Data shown:
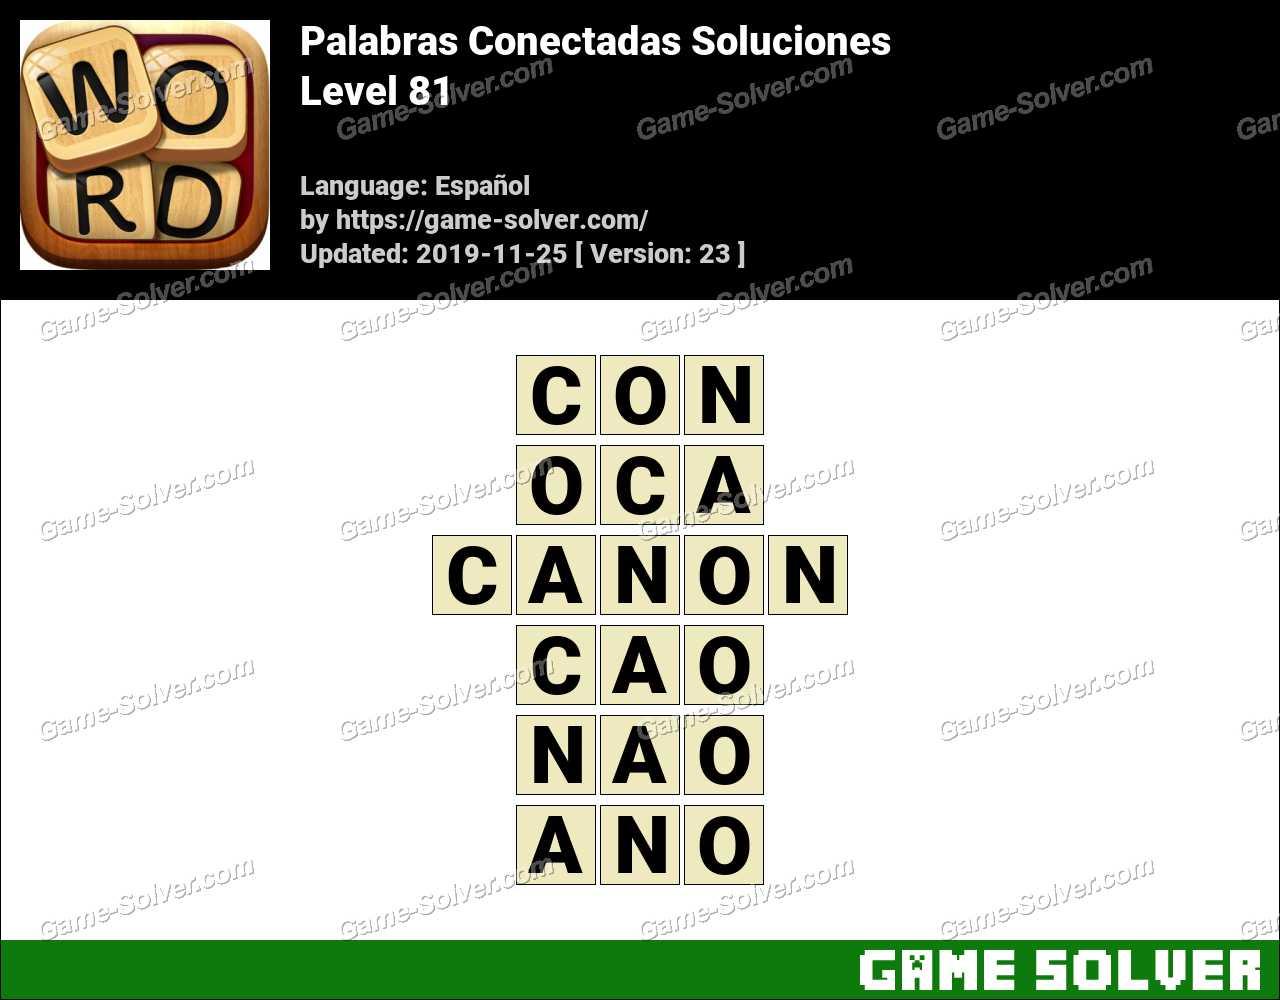 Palabras Conectadas Nivel 81 Soluciones
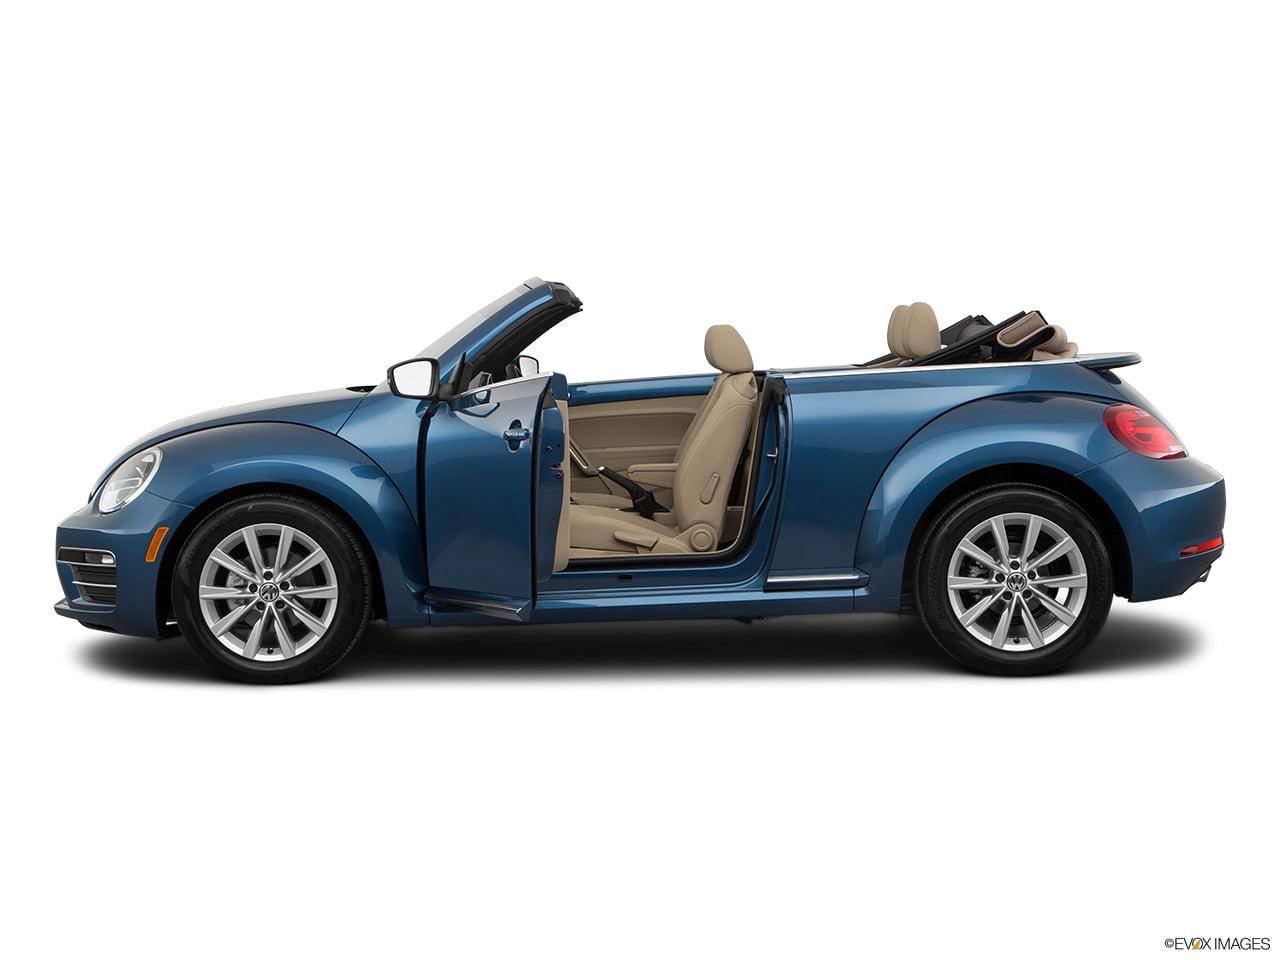 2019 Volkswagen Beetle Convertible (Best Lease Deals ...
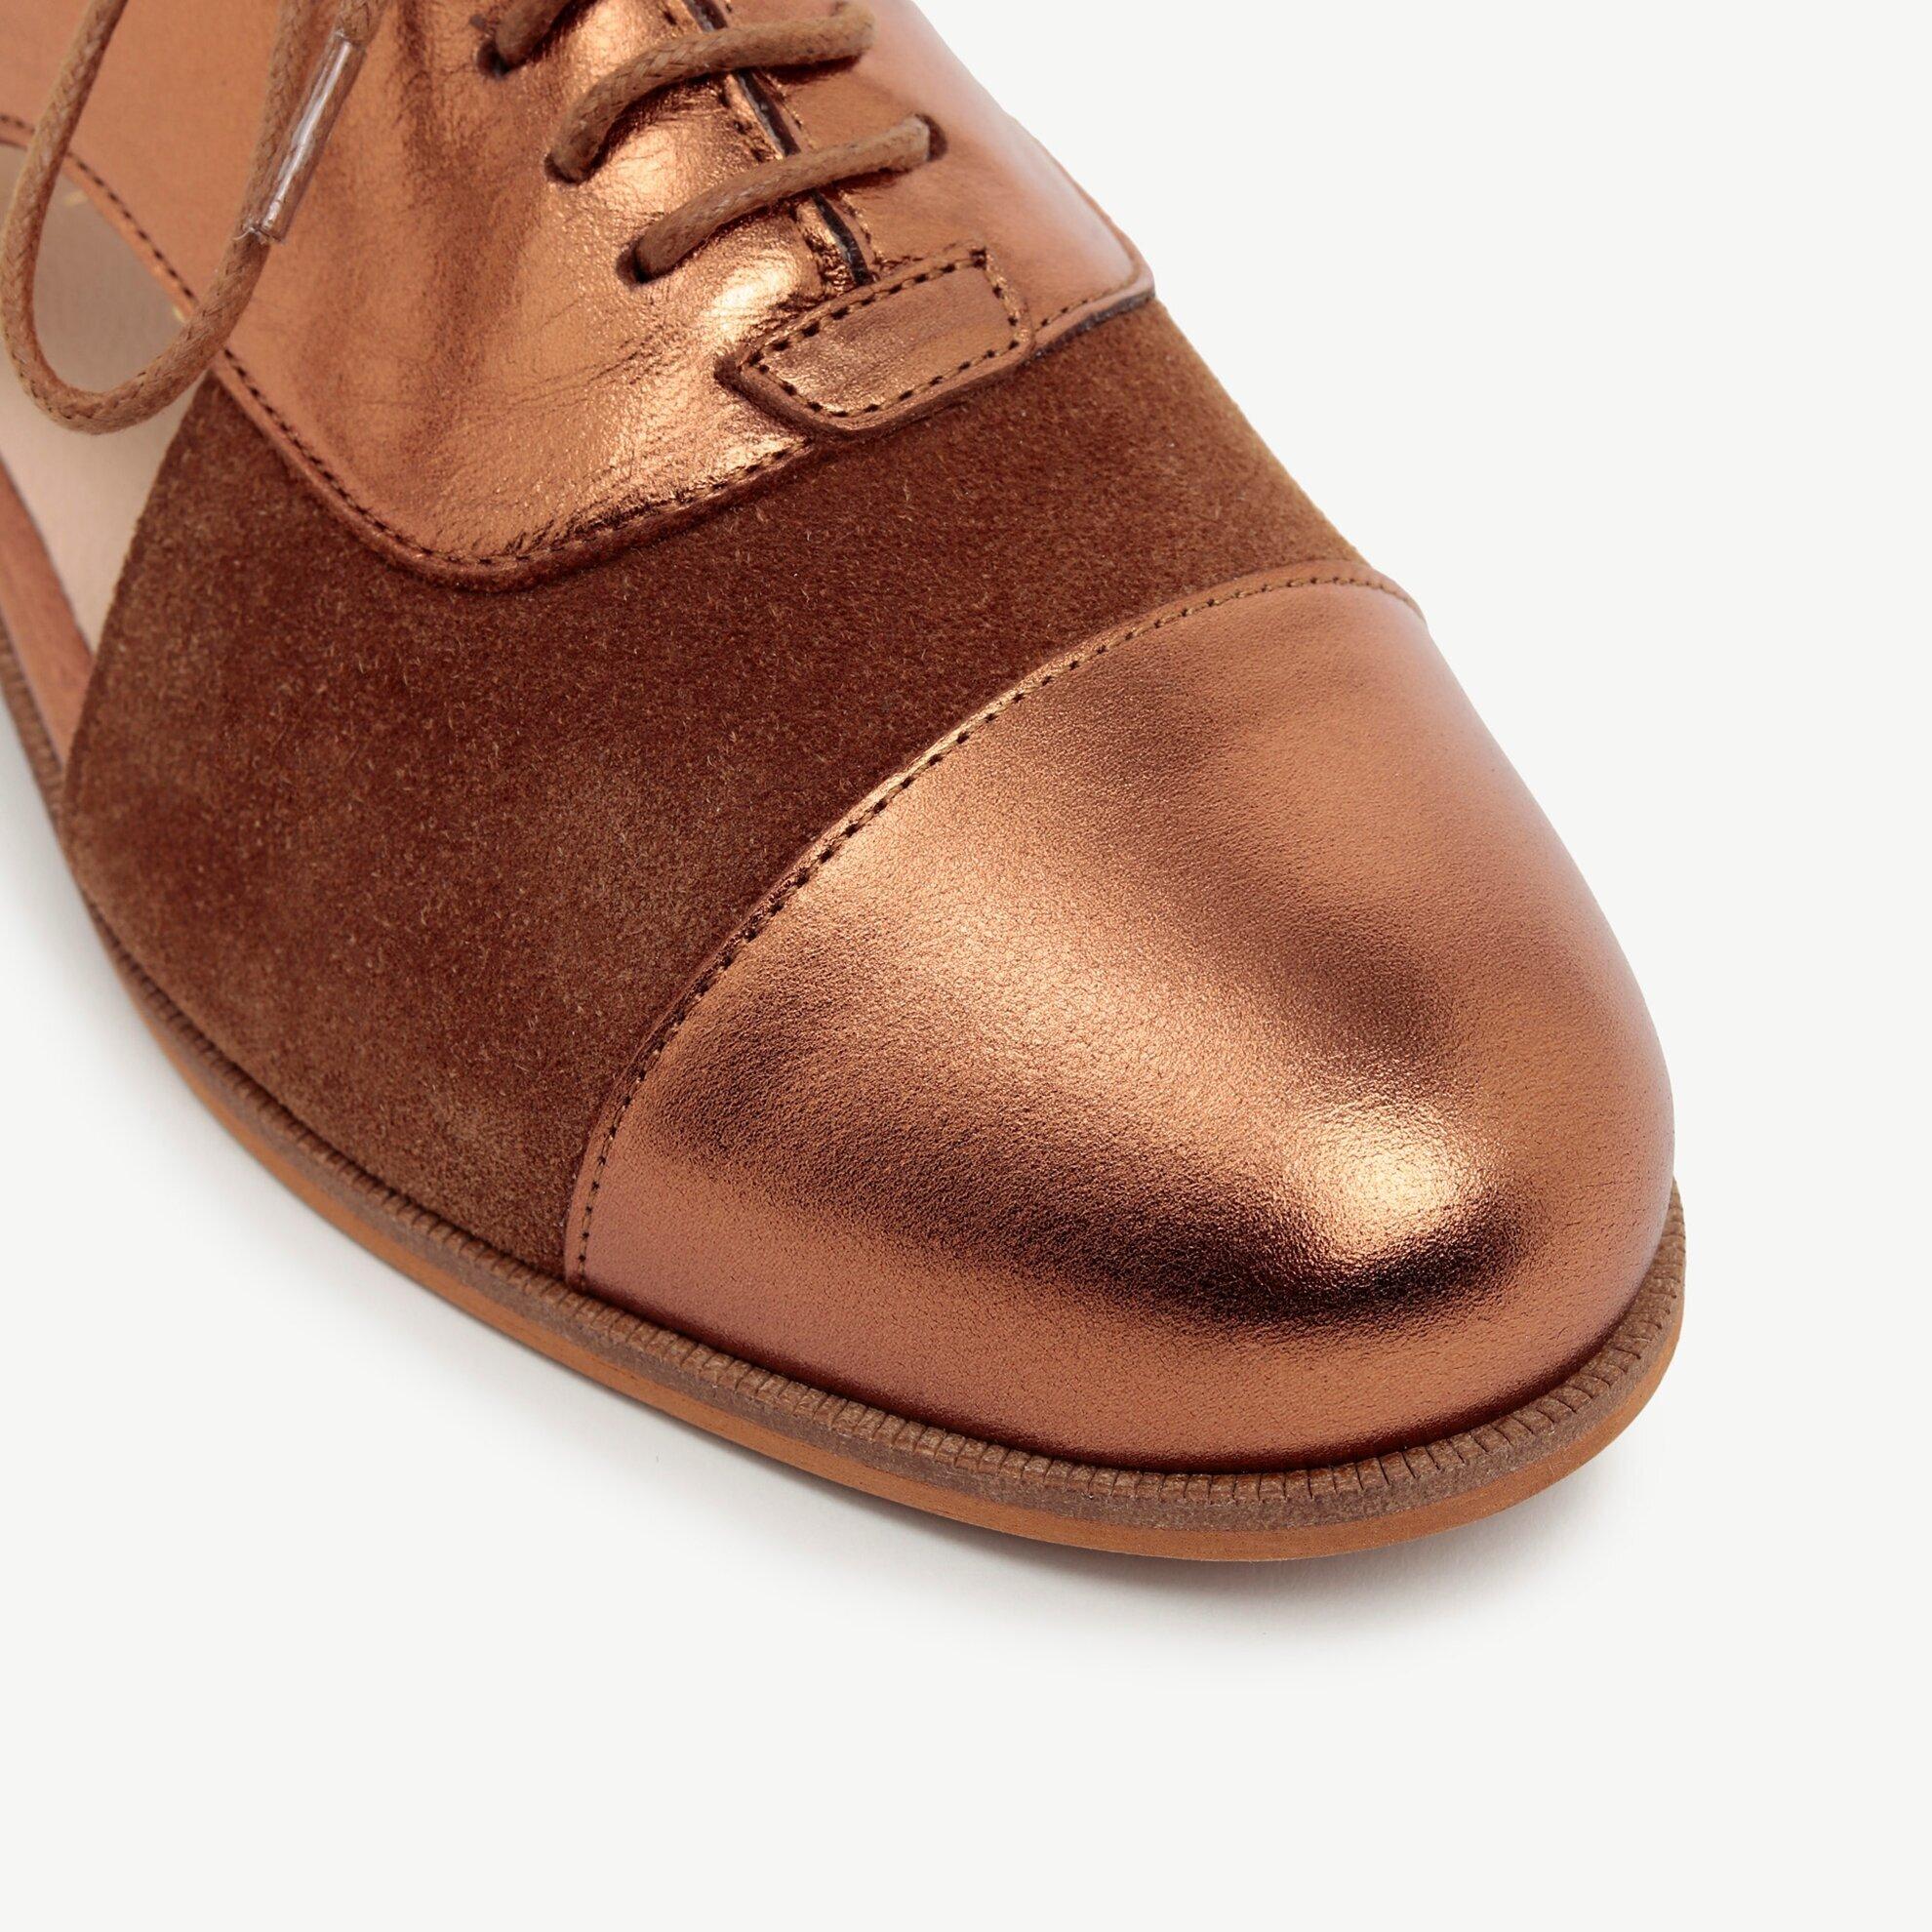 Yanları Açık Metalik Deri Detaylı Süet  Ayakkabı

Brief:
Leave out the pictures and output the rest of the material exactly as written.

Reply:
 Palabras Conectadas Nivel 81 Soluciones
 2019 Volkswagen Beetle Convertible (Best Lease Deals ...
 Yanları Açık Metalik Deri Detaylı Süet  Ayakkabı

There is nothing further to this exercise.